Let’s start with the easiest one: Just turn up the temperature on your air conditioner. If you’re anything like me, you get incredibly hot during the night. Two tactics I’ve used to stay cooler (without running the AC cooler): 1) Stick one foot outside the covers, and 2) Use a thin blanket rather than a comforter during summer. You’ll be amazed at how much cooler just sticking one foot can be, and losing the comforter in exchange for a thin blanket is a huge game-changer.

 

2. Install CFL Light Bulbs

If you’re using the same light bulbs that your grandparents used when they moved into their first apartment, you’re doing it wrong. Incandescent light bulbs are the past — CFL light bulbs are the future. You may not be using them because they are a little higher in price … But they last far, far longer than traditional light bulbs. Also, they burn cooler, which means your AC unit doesn’t have to work quite as hard.

 

3. Screen Windows

Screens may not seem like a significant addition to your home, but they do far more than keep mosquitos out when the window is open.

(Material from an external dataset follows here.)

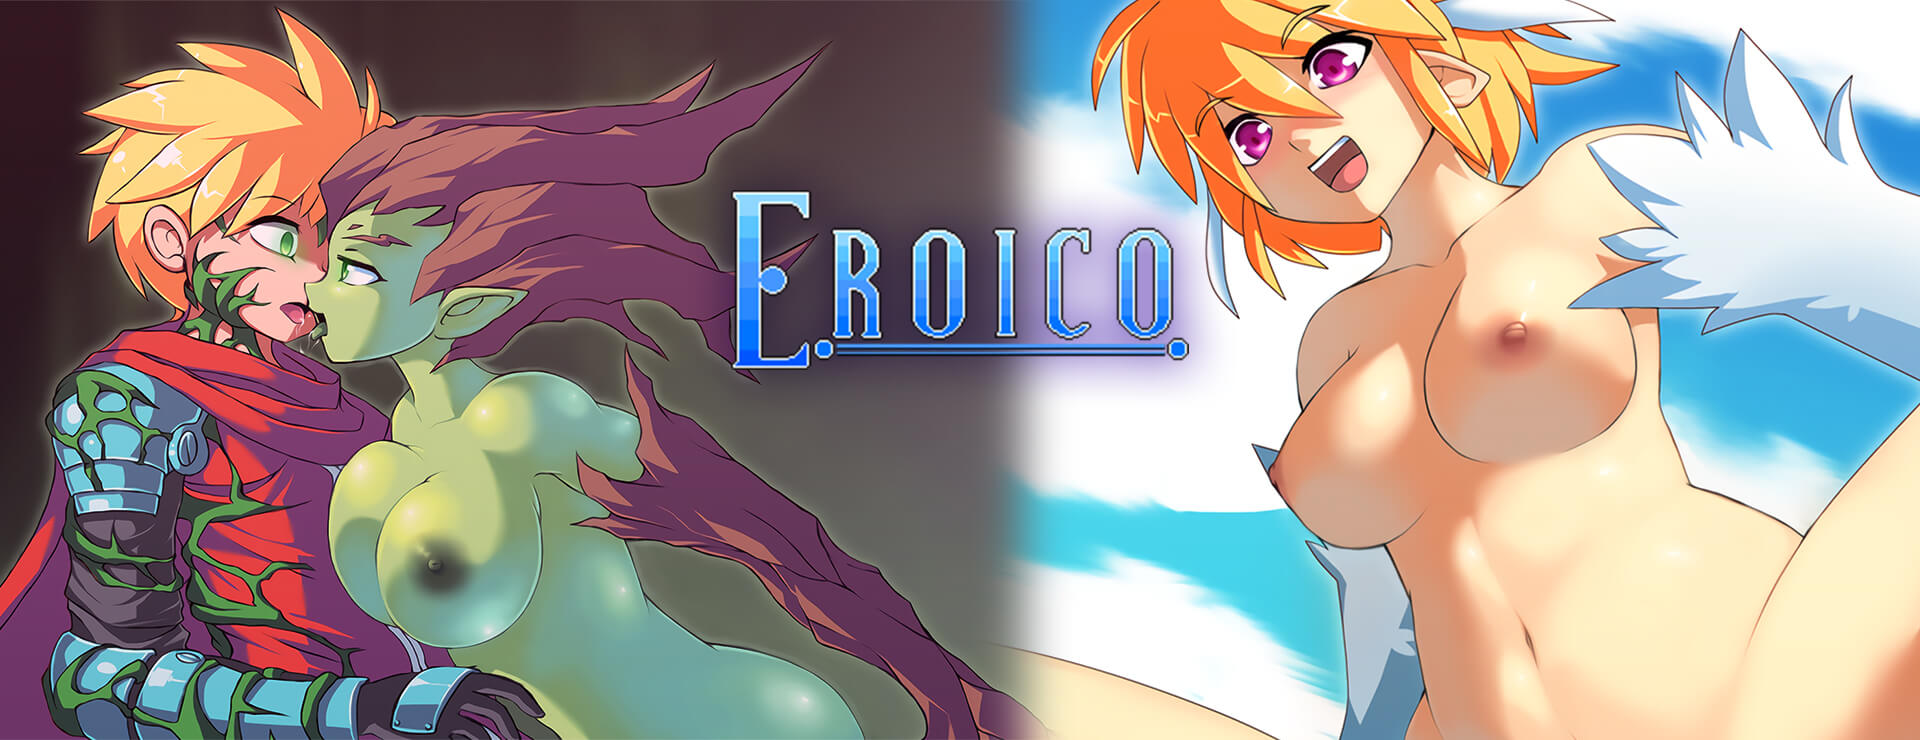 Eroico - Action Adventure Spiel

A screen actually stops solar energy from entering your home, which helps drop the temperature. If you can’t afford to (or don’t want to) screen all your windows, just screen the ones that face east and west — the ones that will get direct sunlight during the day.

 

4. Draw Shades

OK, so if you’re not interested in screens, you can always draw your shades. Many homeowners leave their shades open all the time, which makes perfect sense. You can’t see much when the shades are drawn. But drawing the shades can help reduce the temperature inside your home, which means your AC doesn’t have to work nearly as hard.

 

5. Stop Leaks

When your air conditioner injects cold air into your home, you don’t want that cool air to escape. Cool air often escapes through doors and windows that are poorly insulated. Look at your door and window insulation to make sure they are all properly sealed, and give your AC a break.

 

6. Use Fans

Here’s one that’s really easy: Crank up your fans. You may have ceiling fans, which should be running on high through the hottest months of the year. And, if not, you can use oscillating fans, desk fans or standup fans to stir the air in your home. How does this help you reduce your electricity bill? Fans are far more efficient than an AC unit, which means they can run at a fraction of the cost.

 

7. Plant Trees

Steal an idea from the days before homeowners had AC units: Plant shade trees near your home. When you plant large trees and bushes with wide limbs and leaves near your home’s perimeter, those trees and bushes cast shade which helps naturally cool your home. Block the sun’s rays and see the temperature inside your home fall.

 

8. Add Insulation

When was the last time you looked inside your attic? I’m not talking about just the portion of your attic where your store your holiday decorations I’m talking about the expansive attic that covers your entire home. If you don’t have good insulation (or insulation at all), you’re letting energy escape your home without putting up a fight. If you add attic insulation, it reduces your electricity bill and often increases your home’s value — prospective homebuyers love to see attic insulation.

 

9. Explore Roofing Options

If you’re getting close to time to replace your roof, consider a different type of material that can make your home far cooler. Both metal roofs and white roofs are known to help reduce electricity bills, but for different reasons. Metal roofs reflect the rays of the sun far more effectively than composite shingles, and white roofs absorb far less heat than the darker shades you more see on homes.

 

10. Check Your Unit

Your electricity bill is highly dependent on how efficiently your AC unit is running. And the best way to ensure your AC is running efficiently is to practice proactive maintenance. Make sure you’re regularly cleaning your vents, taking care of duct leaks, changing filters, etc. Also, if you’re had your AC unit for 10–15 years, it may be time to consider an upgrade. Yes, replacing your AC is expensive. But you’ll be amazed at how effective a new unit with new technology can be at cooling your home.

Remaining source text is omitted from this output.